That said, I think if we're ignorant about what paradigm will succeed re: automating sophisticated cognitive work and we don't have any story about why alignment research would be harder, it seems like the baseline expectation (modulo scheming) would be that automating alignment is comparably hard (in expectation) to automating these other domains. (I do think, though, that we have reason to expect alignment to be harder even conditional on needing other paradigms, because I think it's reasonable to expect some of the evaluation challenges I discuss in the post to generalize to other regimes.)

I'm happy to say that easy-to-verify vs. hard-to-verify is what ultimately matters, but I think it's important to be clear what about makes something easier vs. harder to verify, so that we can be clear about why alignment might or might not be harder than other domains. And imo empirical feedback loops and formal methods are amongst the most important factors there.

If we assume that the AI isn't scheming to actively withhold empirically/formally verifiable insights from us (I do think this would make life a lot harder), then it seems to me like this is reasonably similar to other domains in which we need to figure out how to elicit as-good-as-human-level suggestions from AIs that we can then evaluate well. E.g., it's not clear to me why this would be all that different from "suggest a new transformer-like architecture that we can then verify improves training efficiency a lot on some metric." 

Or put another way: at least in the context of non-schemers, the thing I'm looking for isn't just "here's a way things could be hard." I'm specifically looking for ways things will be harder than in the context of capabilities (or, to a lesser extent, in other scientific domains where I expect a lot of economic incentives to figure out how to automate top-human-level work). And in that context, generic pessimism about e.g. heavy RL doesn't seem like it's enough.

Sure, maybe there's a band of capability where you can take over but you can't do top-human-level alignment research (and where your takeover plan doesn't involve further capabilities development that requires alignment). It's not the central case I'm focused on, though. 

Also, if there’s an alignment tax (or control tax), then that impacts the comparison, since the AIs doing alignment research are paying that tax whereas the AIs attempting takeover are not.

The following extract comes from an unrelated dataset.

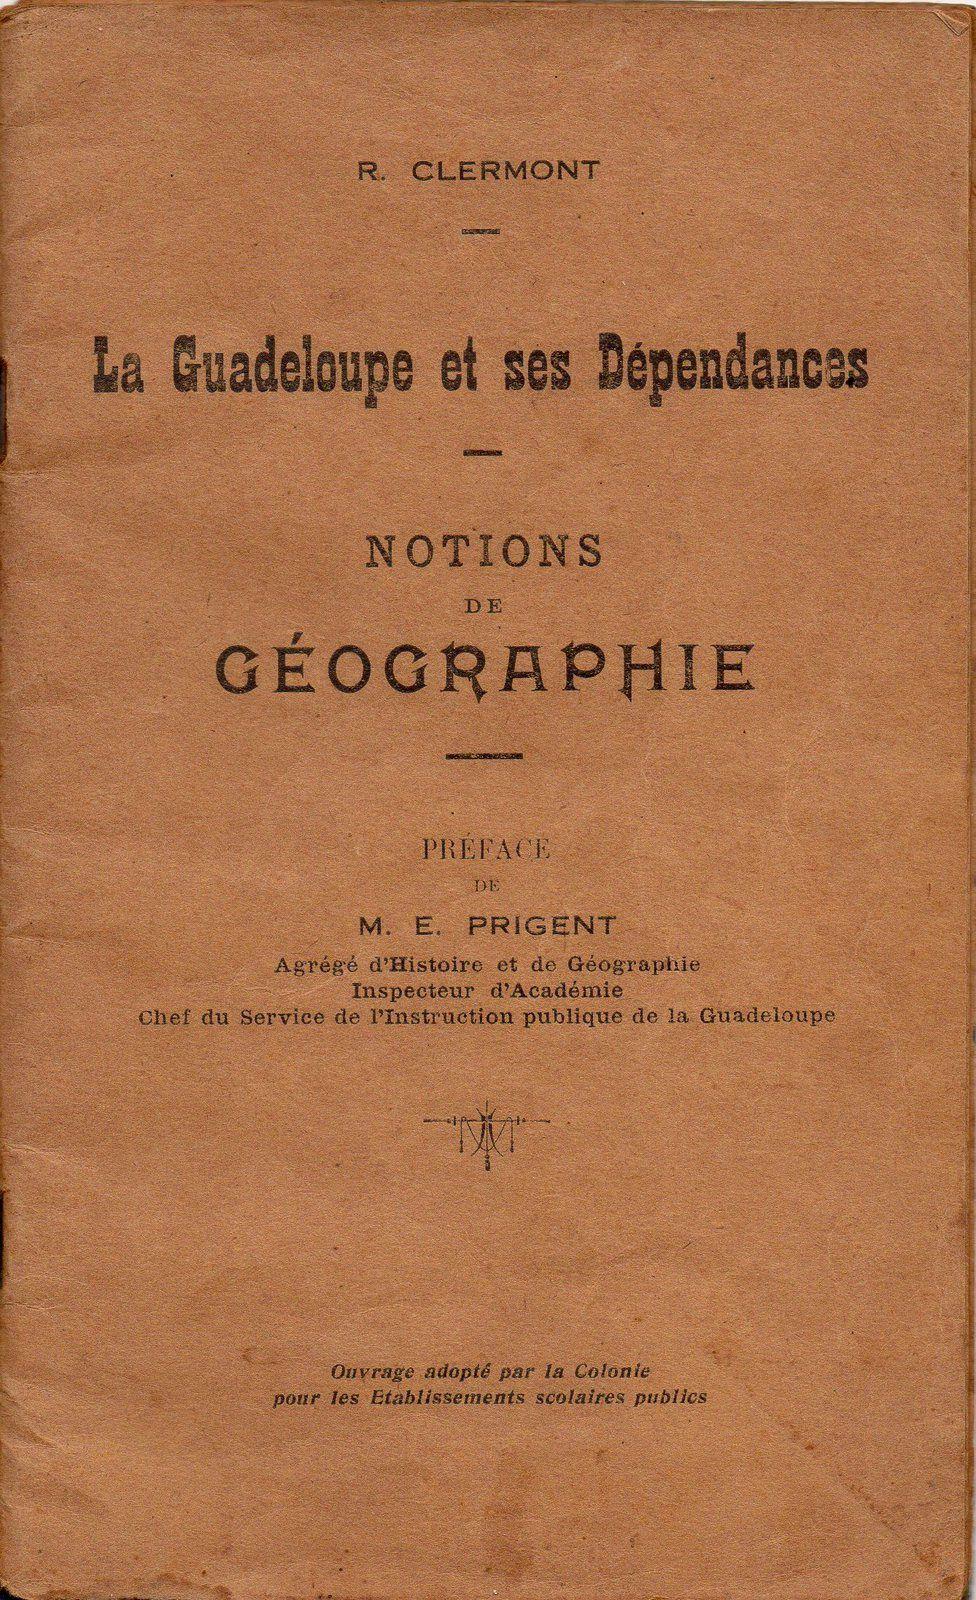 Guadeloupe et écologie. ( pour les amoureux de Karukéra ).
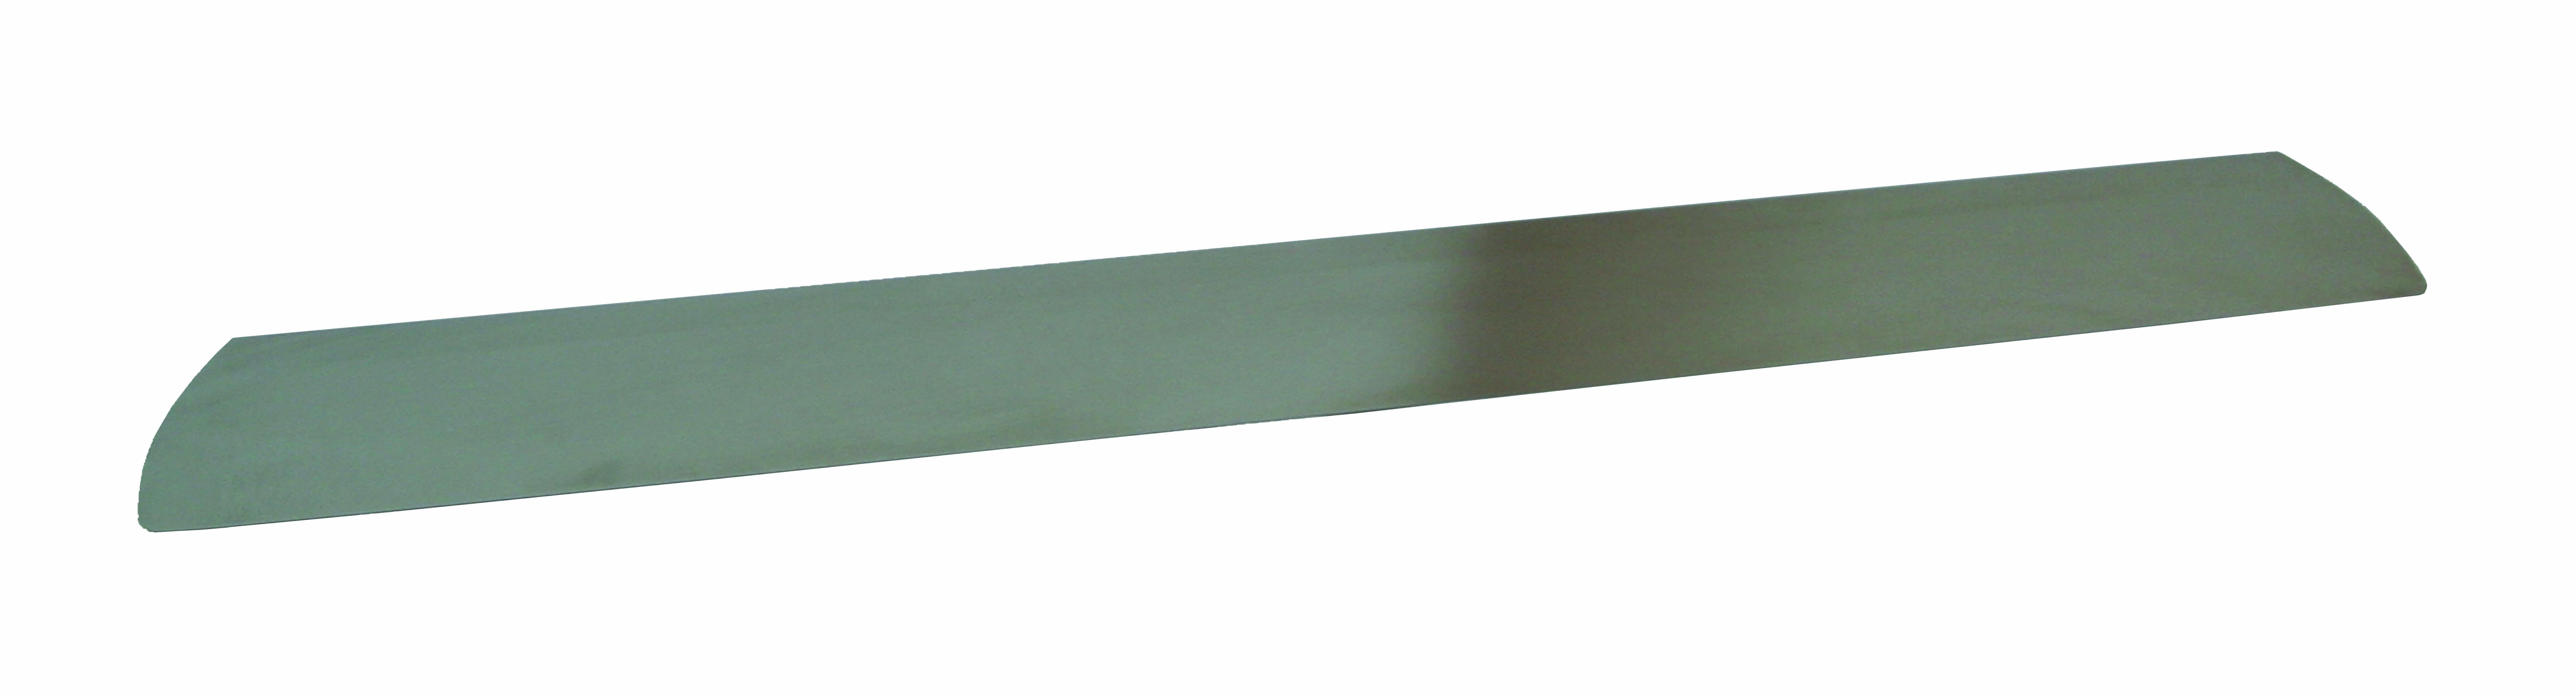 Zamjenska fleksibilna oštrica za PAJAQUICK špahtlu, 1000x80x0,5 mm PAJARITO

Is the thought here that the AIs trying to takeover aren't improving their capabilities in a way that requires paying an alignment tax? E.g. if the tax refers to a comparison between (a) rushing forward on capabilities in a way that screws you on alignment vs. (b) pushing forward on capabilities in a way that preserves alignment, AIs that are fooming will want to do (b) as well (though they may have an easier time of it for other reasons). But if it refers to e.g. "humans will place handicaps on AIs that they need to ensure are aligned, including AIs they're trying to use for alignment research, whereas rogue AIs that have also freed themselves human control will also be able to get rid of these handicaps," then yes, that's an advantage the rogue AIs will have (though note that they'll still need to self-filtrate etc). 

Re: examples of why superintelligences create distinctive challenges: superintelligences seem more likely to be schemers, more likely to be able to systematically and successfully mess with the evidence provided by behavioral tests and transparency tools, harder to exert option-control over, better able to identify and pursue strategies humans hadn't thought of, harder to supervise using human labor, etc. 

If you're worried about shell games, it's OK to round off "alignment MVP" to hand-off-ready AI, and to assume that the AIs in question need to be able to pursue make and pursue coherent long-term plans.^[1] I don't think the analysis in the essay alters that much (for example, I think very little rests on the idea that you can get by with myopic AIs), and better to err on the side of conservatism. 

I wanted to set aside "hand-off" here because in principle, you don't actually need to hand-off until humans stop being able to meaningfully contribute to the safety/quality of the automated alignment work, which doesn't necessarily need to start around the time we have AIs capable of top-human-level alignment work (e.g., human evaluation of the research, or involvement in other aspects of control -- e.g., providing certain kinds of expensive, trusted supervision -- could persist after that). And when exactly you hand-off depends on a bunch of more detailed, practical trade-offs. 

As I said in the post, one way that humans still being involved might not bottleneck the process is if they're only reviewing the work to figure out whether there's a problem they need to actively intervene on. 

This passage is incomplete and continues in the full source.